‘Pardon me,’ Chilton said. ‘Miss.’
‘Mrs,’ I corrected him, then smiled too stiffly. I could feel the edge of my lips stretch unnaturally. ‘Mrs O’Dea.’ After escaping the baths I had walked to another hotel to clear my head, and bought a new shawl at their gift shop, as well as some paper and a fountain pen. Perhaps I’d write a story while I was here, or a poem. I pulled the shawl close around me, and its price tag tumbled from the dark threads.

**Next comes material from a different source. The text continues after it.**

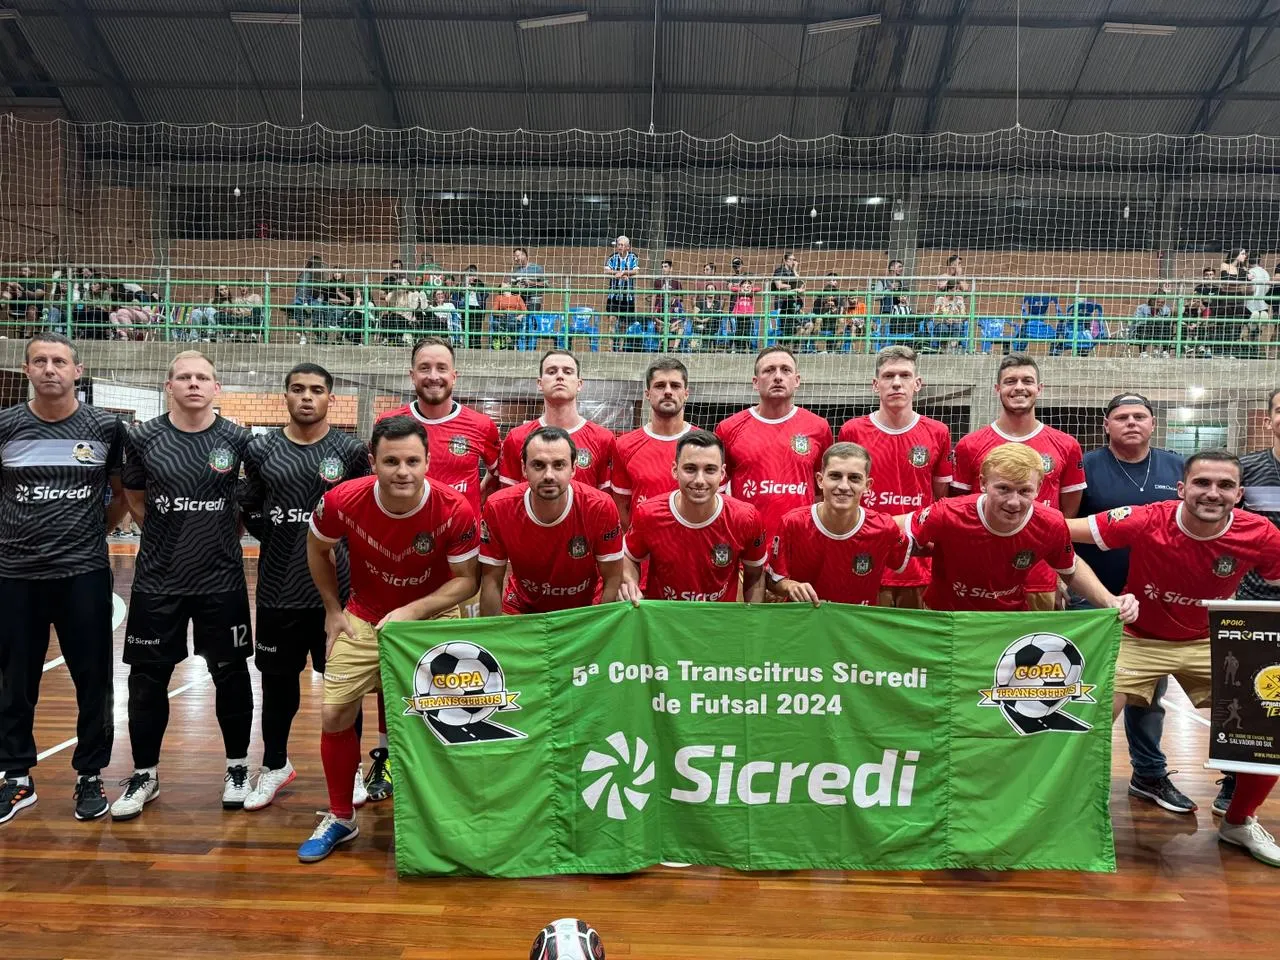 Salvador vence nas duas categorias na terceira rodada da Copa Transcitrus Sicredi de Futsal

Chilton reached out and touched it. ‘Is that what you’re worth, then?’
It was the sort of jest I loathed, but something in his face made me relax. He looked embarrassed at making such an easy joke. He looked mild, even kind. It was bad luck to have a police inspector at the hotel, but I saw at once it was good luck that it happened to be this one.
‘Here you go,’ said Mrs Leech, passing me a pair of shears. ‘Inspector Chilton’s here looking for a lady gone missing from Berkshire.’
‘Goodness,’ I said. ‘Missing from Berkshire and you’re searching for her in Yorkshire?’
‘All of England’s in on this hunt,’ he explained. ‘Inspectors and police officers dispatched to every county.’
This news set my teeth on edge. I smiled to conceal it and said, ‘My, my. She must be ever so important.’
Chilton intercepted the shears and cut the tag off for me. ‘If I could trouble you just a moment, Mrs O’Dea.’ He placed the snipped price tag in my hand. His fingers were chapped and tobacco stained, his clothing rumpled. He held out a photograph with his right hand. His left dangled at his side. ‘This is the lady. Have you seen her?’
‘May I?’
He nodded and I eased the photograph out of his hand. Agatha stared back at me, hair swept off her face, head tilted, wearing pearls and a suit jacket. I thought of my mother, wresting herself out of her grief over Colleen to help me have the little picture made for Finbarr, to send to him at the front. I had worn my best dress, no jewellery at all, nowhere near so glamorous.
‘Pretty,’ I said. ‘But no, I haven’t seen her in Yorkshire.’ Hopefully he’d remember my precise words, if any connection between the two of us were drawn later. ‘I do hope she’ll be all right.’ I handed the photograph back to him.
‘Ah well,’ Chilton said, as if he hadn’t expected any other reply. ‘Thank you for looking.’
As I entered the dining room, I saw that Mrs Race – the beautiful blonde bride – was now joined by her handsome, scowling husband. The two of them sat by a window, too absorbed in their silent unhappiness to notice my probably obtrusive stare.
My new friend Lizzie Clarke waved me to her table, and her husband stood to offer me a chair. He was a lanky fellow, charmingly inelegant, in the way Americans can be, with dark eyes and a sweet, earnest expression.
‘Donny Clarke,’ he introduced himself.
‘Hello, Mr Clarke.’
‘Please,’ he said. ‘Call me Donny. Thanks so much for entertaining Lizzie this morning. Fun to make a fast friend on vacation.’
I’d scarcely unfolded my napkin before I heard merry, unmistakable laughter as Mrs Marston entered the room with her husband. She looked quite a bit different to how she’d looked when I’d last seen her at the baths. Her hair was curled, and she wore a smart jacket and faux pearls.
‘Well, look who it is,’ Mrs Marston said, stopping by our table. ‘The chummy young ladies.’
Her husband, Mr Marston, stood by her side. He was decades older than she, a weathered, ruddy-faced man in his sixties. He placed a hand at the back of Donny’s chair, his smile the indulgent sort a certain kind of man likes to bestow upon young ladies. I turned my eyes back to our table. Lizzie stared back at him more frankly.